START SUPPLIED INFORMATION

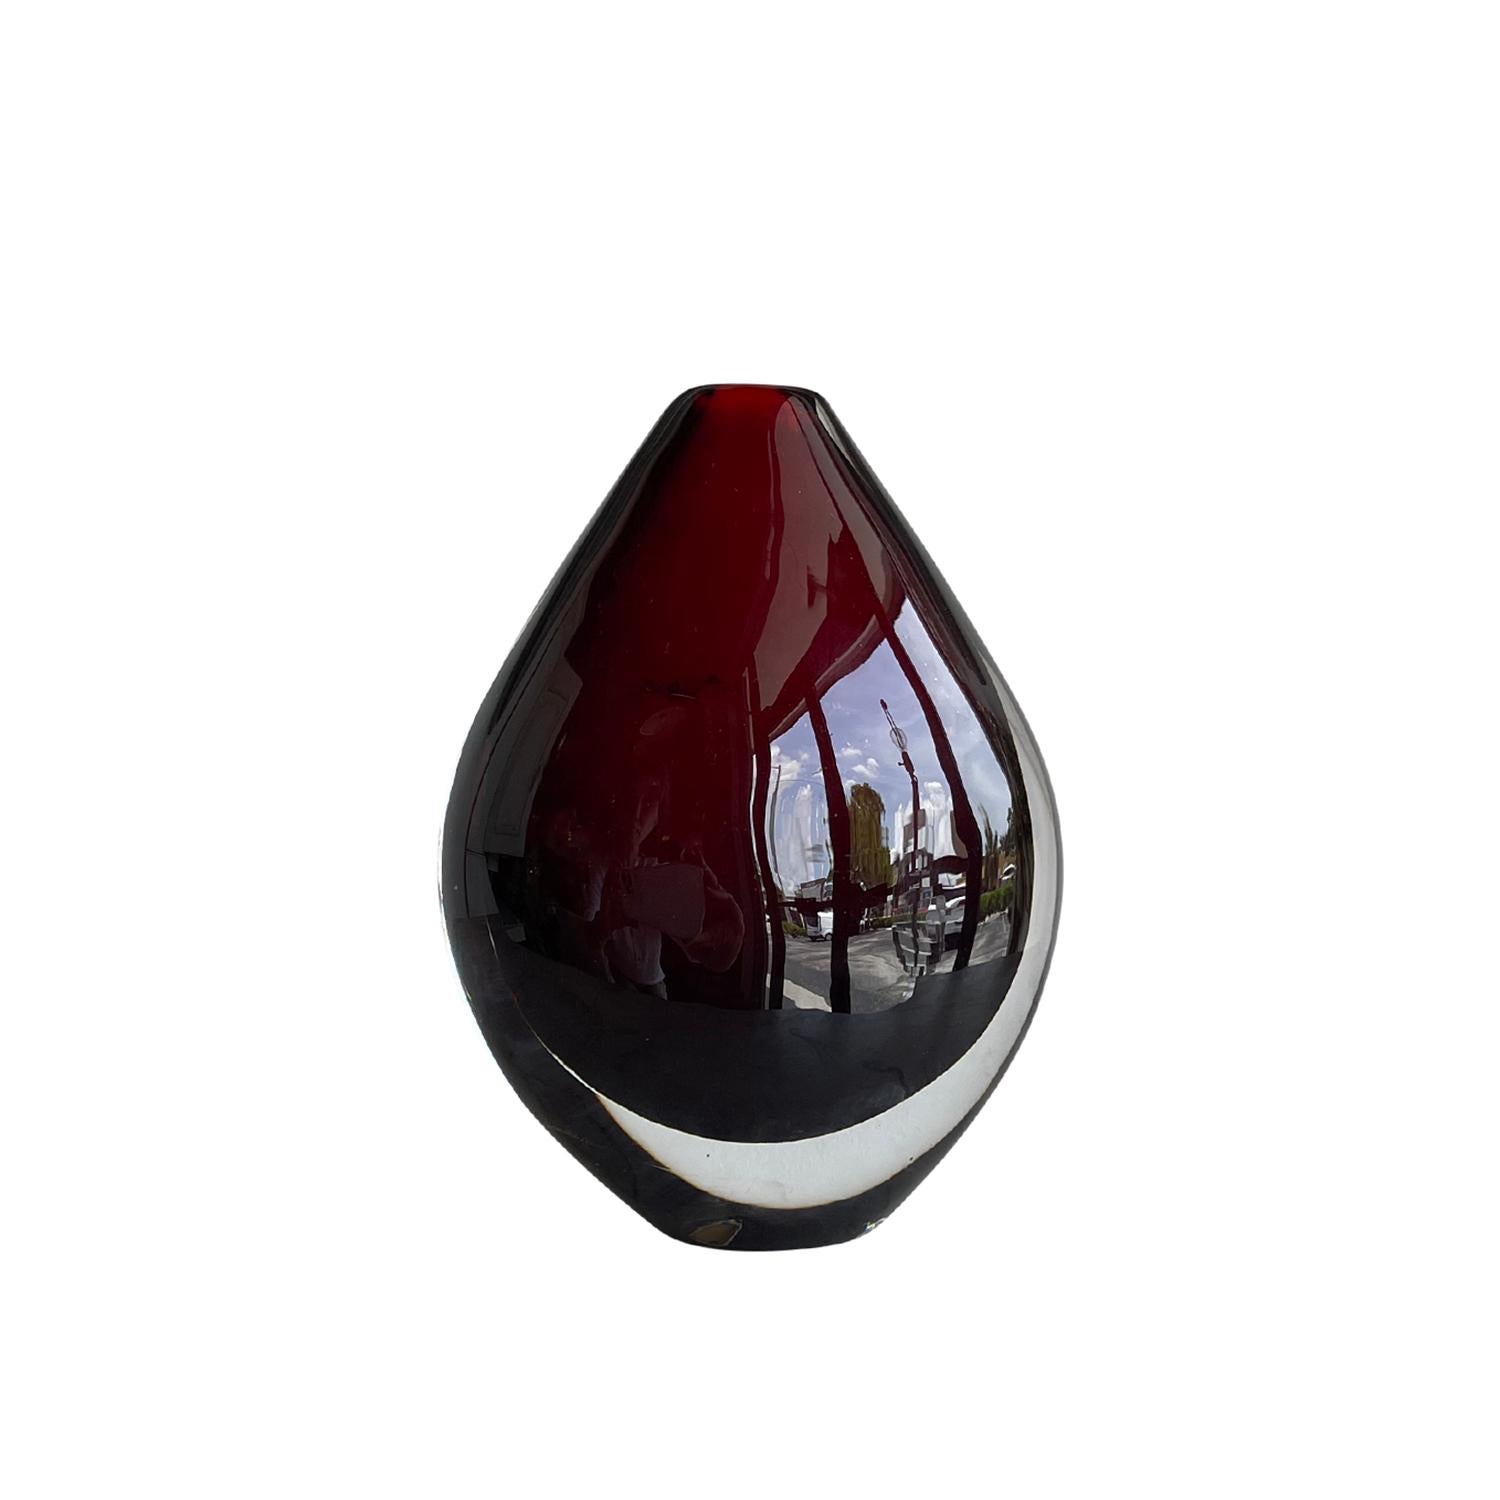 20th Century Dark-Red Swedish Vintage Orrefors Glass Vase by Nils Landberg In Good Condition For Sale In West Palm Beach, FL
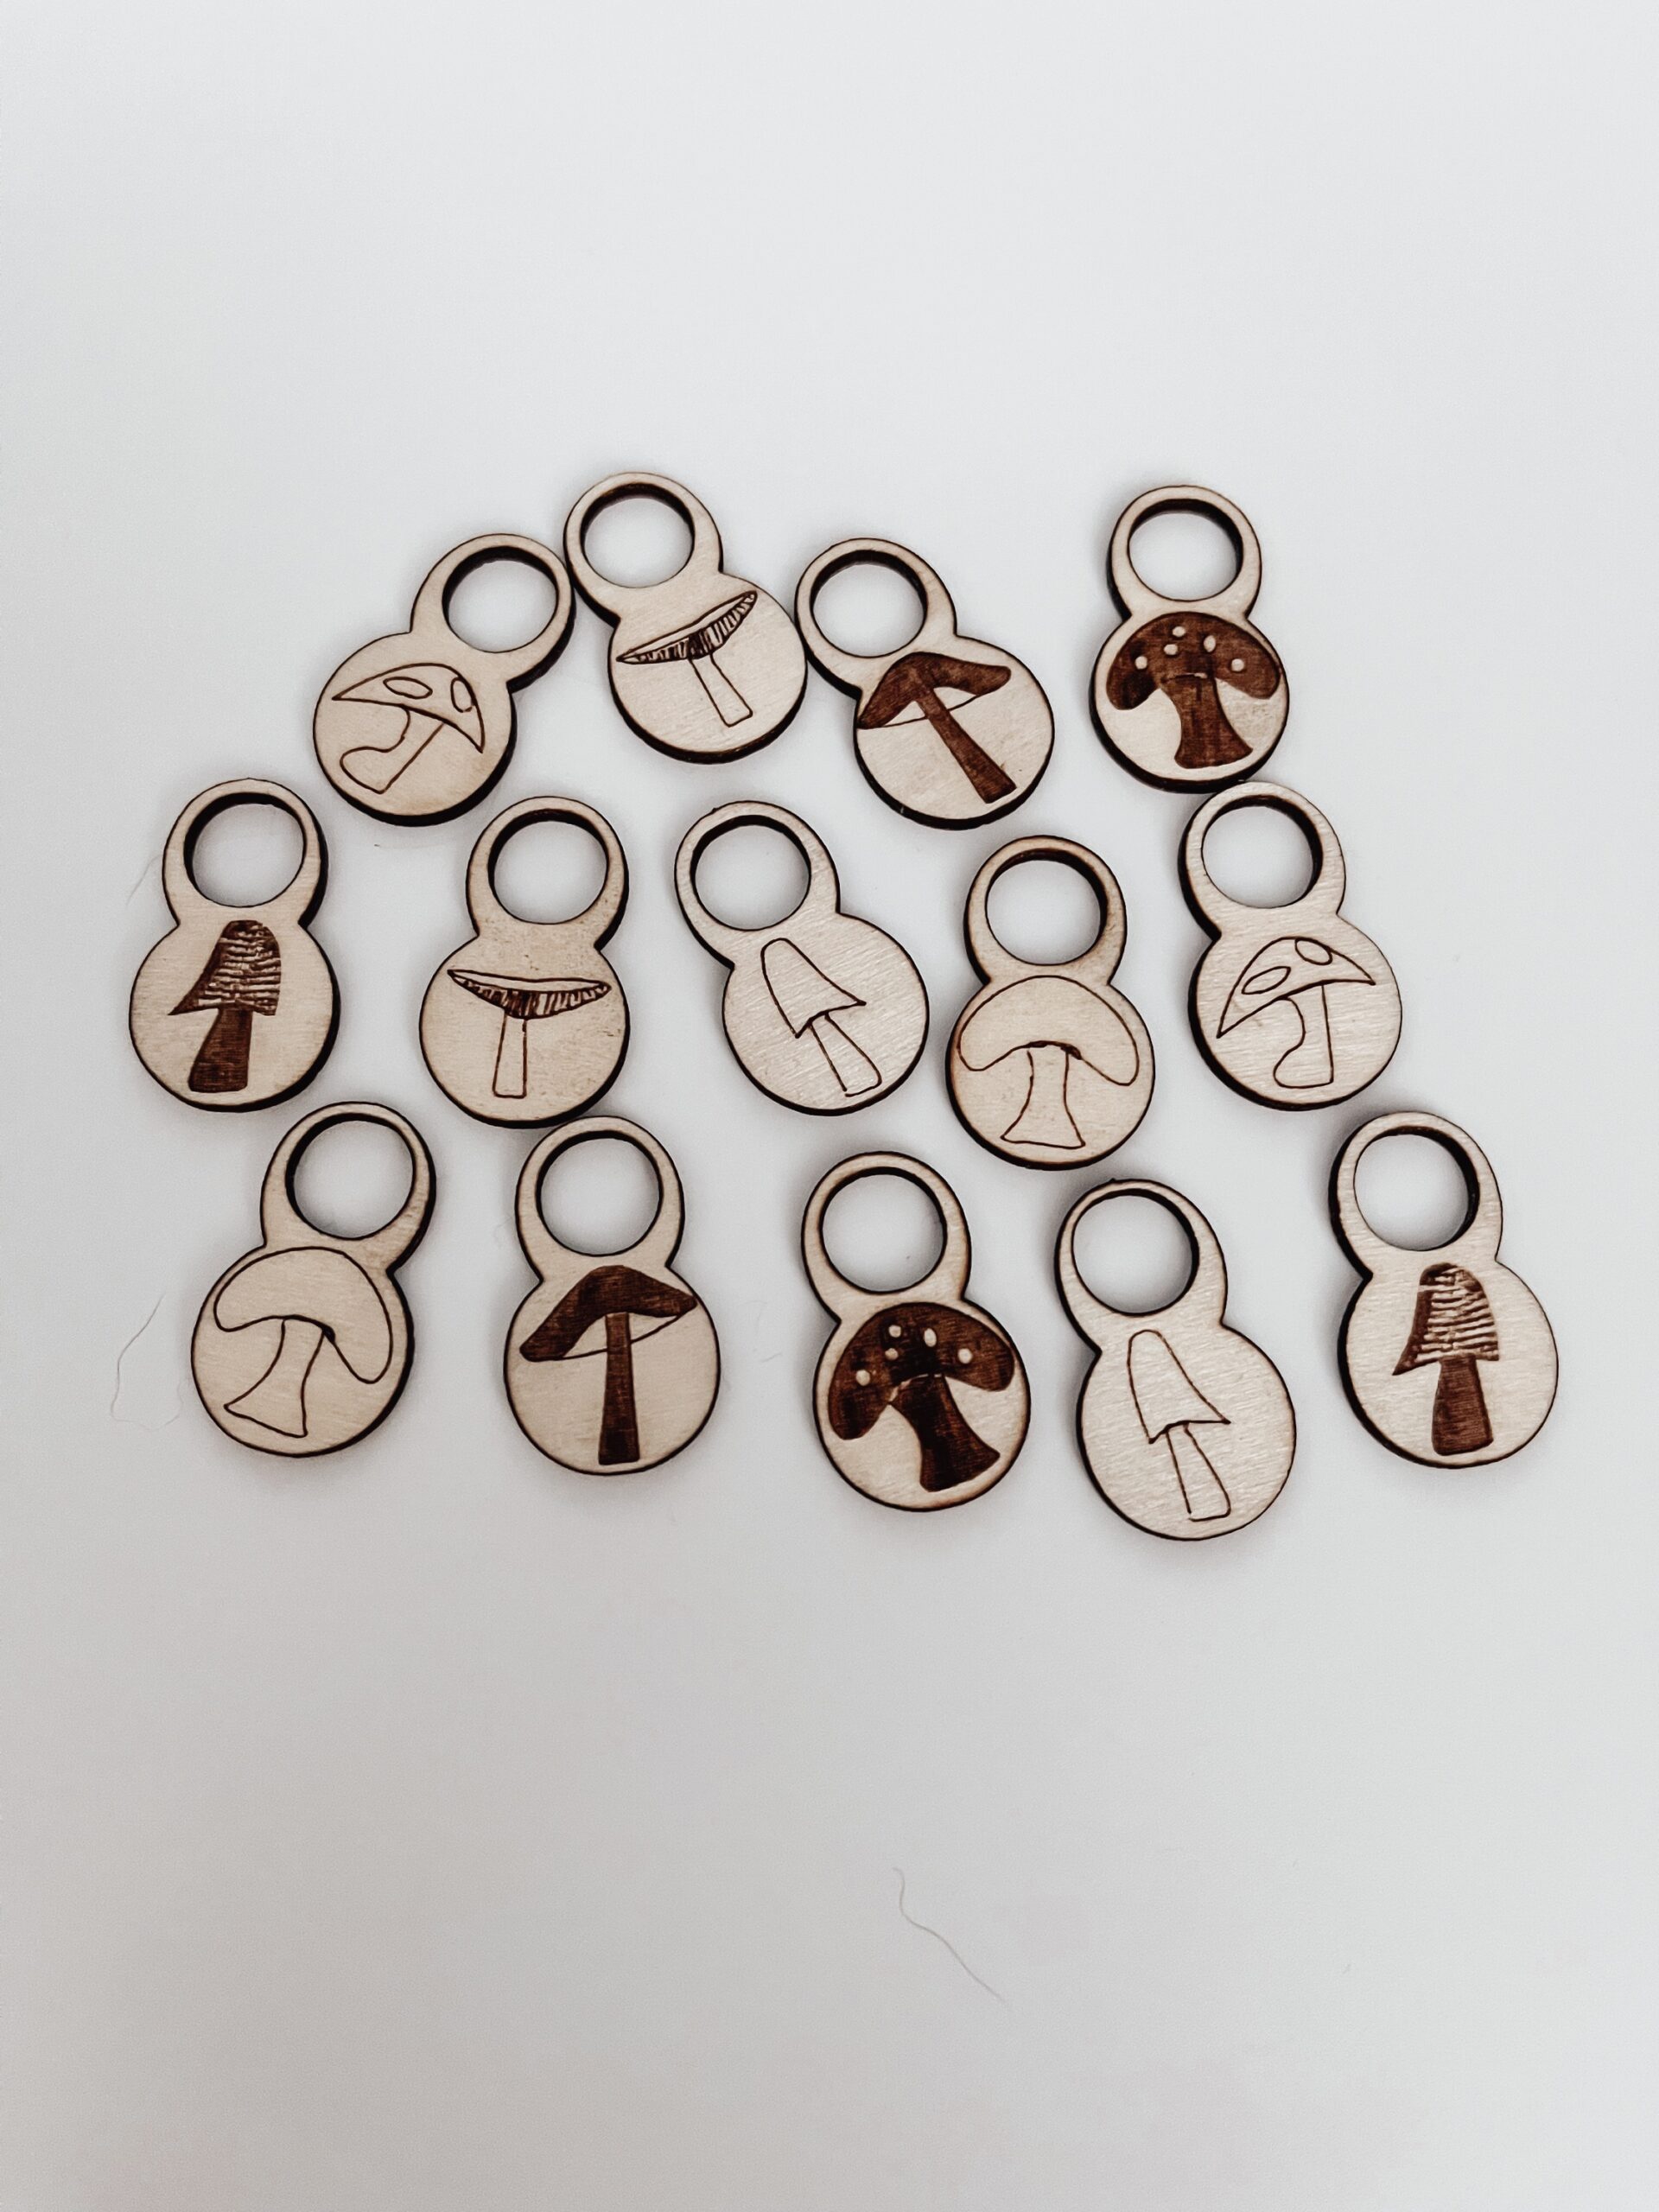 A total of 14 wood stitch markers with a variety of hand-drawn mushroom designs are displayed on a white background.
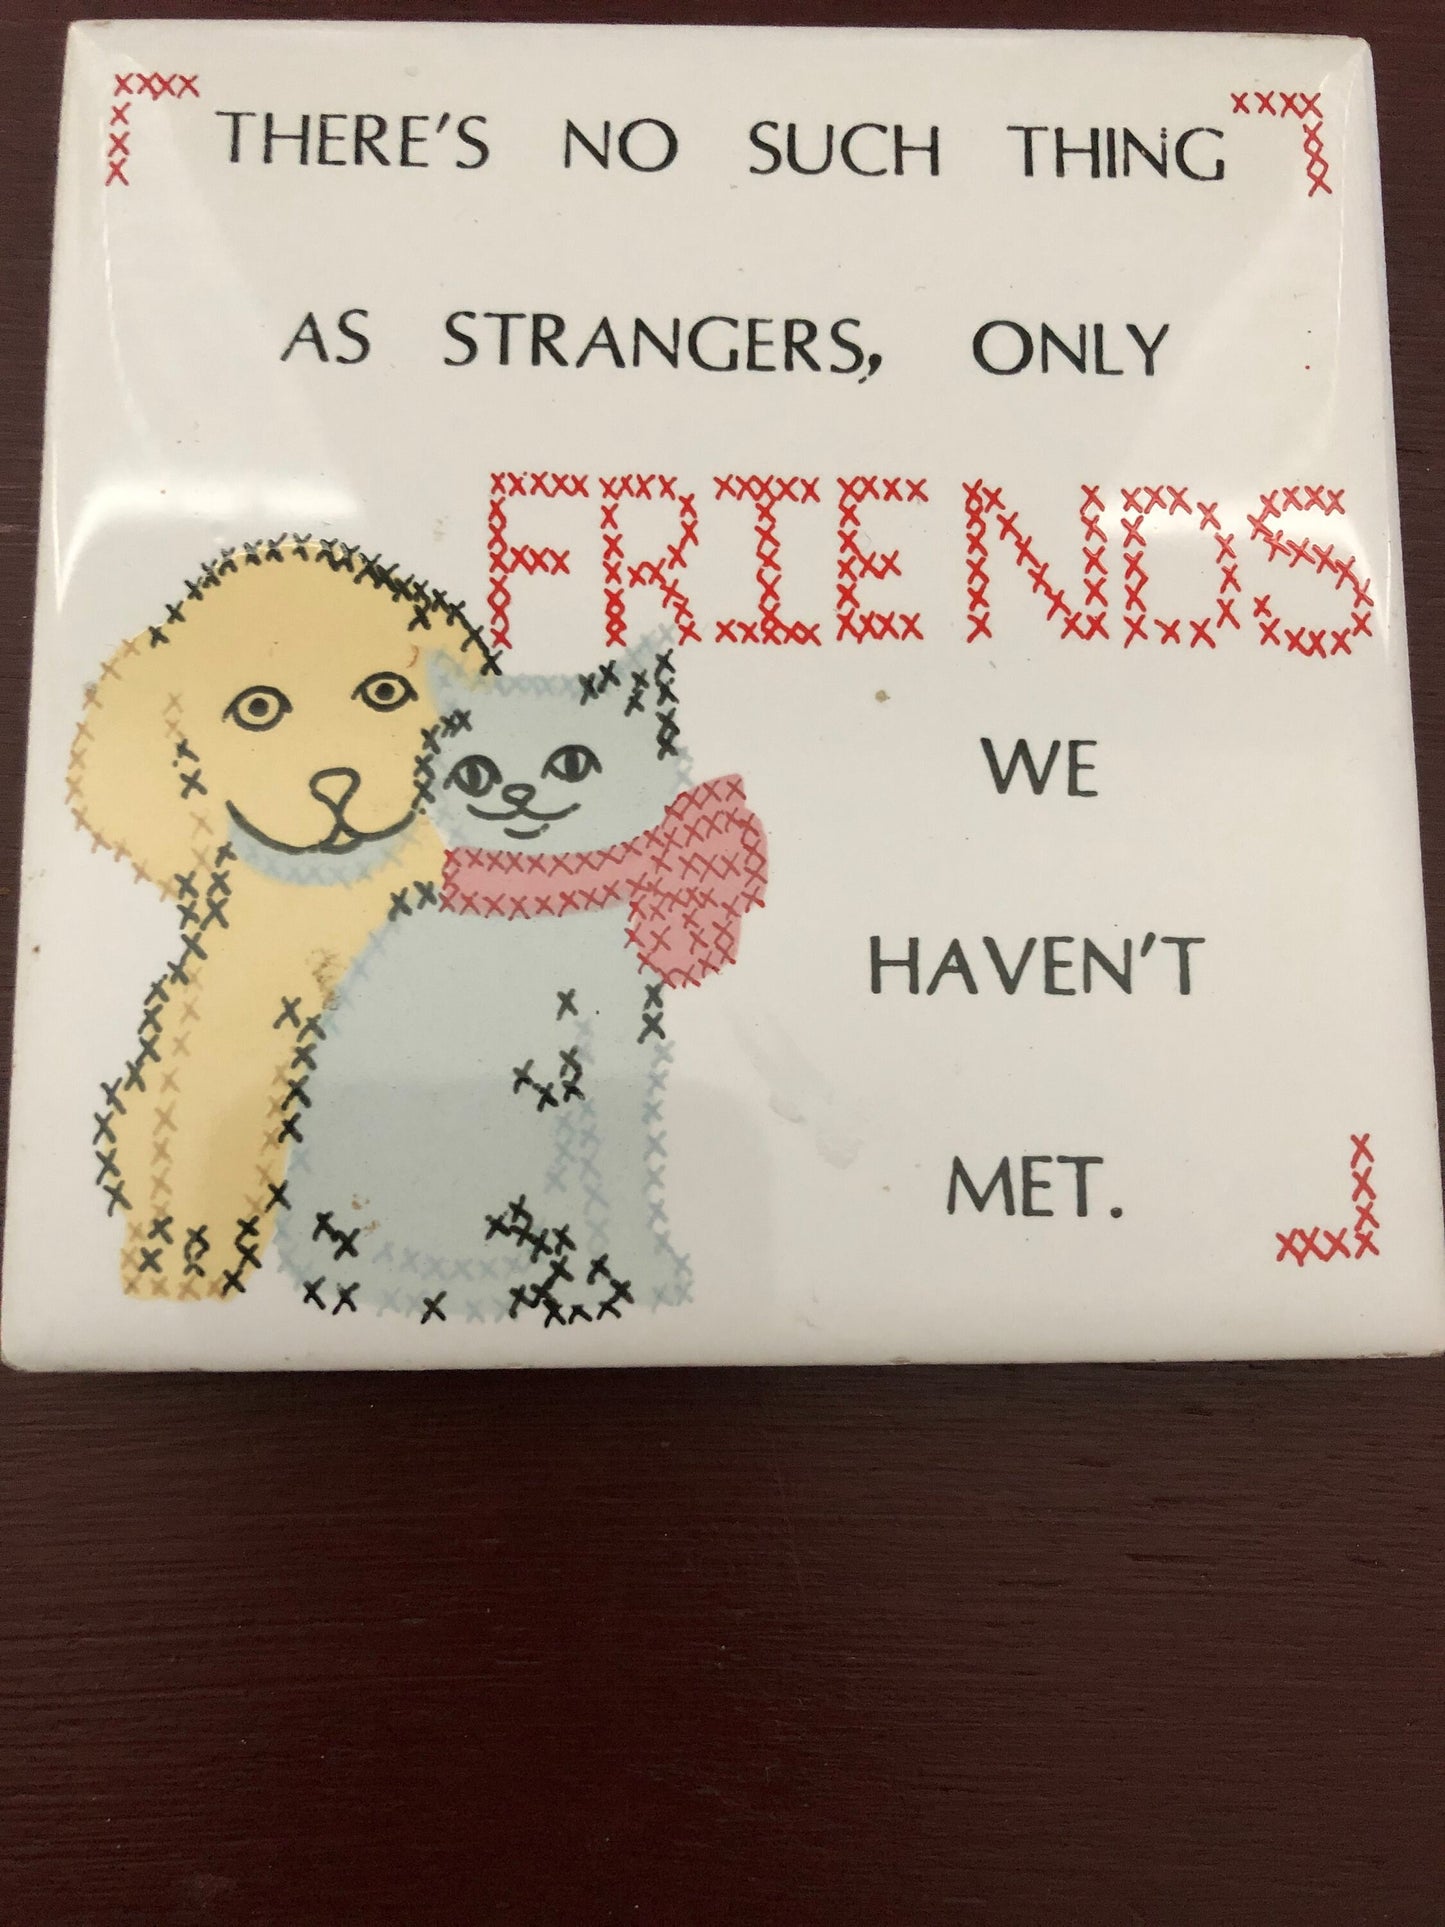 Theres no such thing as strangers, only FRIENDS we haven't met., Vintage Collectible 1985, tile trivet

END SUPPLIED INFORMATION

• **DESCRIPTION OF THE TASK**
In the copy, include no pictures; restate the listing above exactly.

• **SOLVED EXERCISE**
 20th Century Dark-Red Swedish Vintage Orrefors Glass Vase by Nils Landberg In Good Condition For Sale In West Palm Beach, FL
 A total of 14 wood stitch markers with a variety of hand-drawn mushroom designs are displayed on a white background.
 Theres no such thing as strangers, only FRIENDS we haven't met., Vintage Collectible 1985, tile trivet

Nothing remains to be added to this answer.